Building on top of decades of global infrastructure, cellular should be a top consideration when it comes to picking the best IoT network connectivity option. This blog post demystifys cellular. The rest of the blog series takes a critical look at four key topics related to wireless IoT, including:
- Demystifying Cellular IoT?
- The Advantages of Cellular IoT (that’s this one!)
- Common Applications for Cellular IoT
- Cellular IoT Network and Infrastructure Redundancy
Cellular IoT Benefits
The advantages of cellular connectivity with IoT are extensive:
- Coverage: Cellular networks are ubiquitous, mature, and reliable.
- Global Reach: There is no other network technology with the reach of cellular.
- Security: SIM-based authentication and utilization of VPN tunnels makes cellular the most secure option.

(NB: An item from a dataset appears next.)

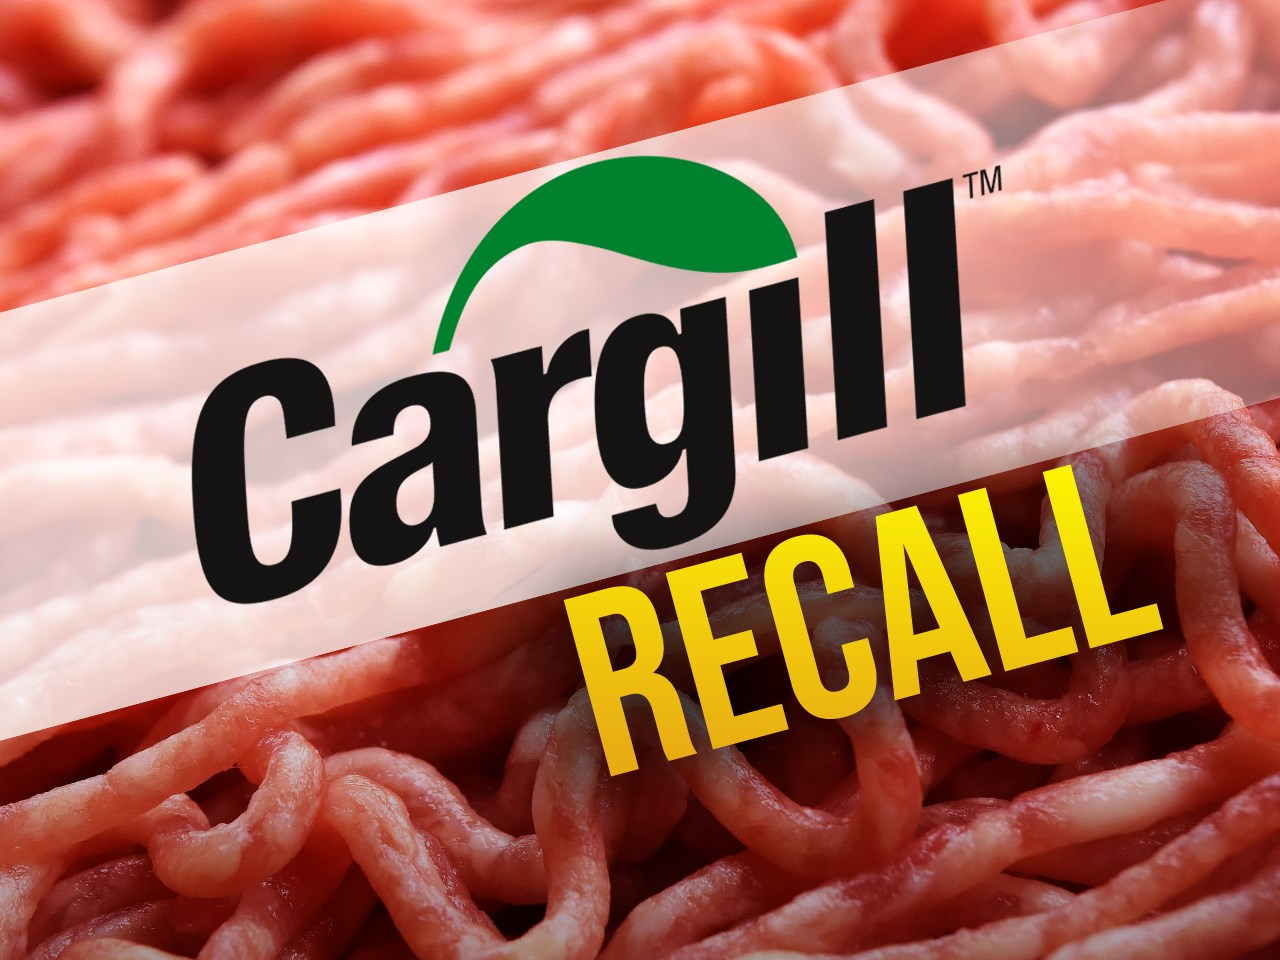 Cargill beef recall

- Installation: Works out-of-the-box without requiring local installation or technical expertise.
- Low/No power: Cellular modules can consume ~8mA of power and networks are still available in the case of a power outage.
When it comes to security, coverage, and usability, it’s hard to compete with cellular.
Global Cellular Coverage
For global IoT deployments, cellular connectivity is widely considered the most logical and reliable connection option. There is no need to build new infrastructure nor add additional network gateways to support remote deployments. You’re simply connecting to the cell towers that are already in place.
Cellular roaming is another consideration. Are you providing a solution that may either be deployed to an unknown spot in the world or move between regions? As cellular IoT projects move from location to location, your cellular provider must have agreements with partner carriers to facilitate seamless connectivity across regions without changing SIMs.
Since cellular networks use SIM cards for authentication, it’s exceedingly difficult to spoof the identity of a device. Let’s compare this to WiFi. When connected to a public WiFi network, devices share the connection with all other devices on the network. If any individual device has a security concern, all devices are at-risk. Cellular keeps every device separate from every other device, ensuring the security of the data being transmitted.
Due to the importance of cellular connections today, cellular IoT protocols can take advantage of existing performance characteristics. Cellular operates in licensed bands, which dictate the performance and reliability of communication. Cellular also provides a known number of connections per tower, which are actively managed behind the scenes, thus providing guarantees on service and reliability.
Low Power Consumption
Historically, a significant limitation for cellular adoption has been power consumption and battery life (or lack thereof!). Modern cellular protocols make it possible for cellular IoT modules to save power when not in use and transmit relatively small amounts of data with minimal power usage.
Both LTE-M and NB-IoT are designed to offer years of operation from a battery-driven power source. Since data throughput is limited (but often more than enough for relaying sensor data), simpler signal modulation schemes and less complex radio modems are needed, leading to diminished power requirements. Advances in wake/sleep modes on modern hardware only contribute to these benefits.
The advantages of cellular IoT are clear. Unmatched global coverage, embedded device security, “it just works” installation, and exceedingly low power requirements make it an obvious choice for the IoT.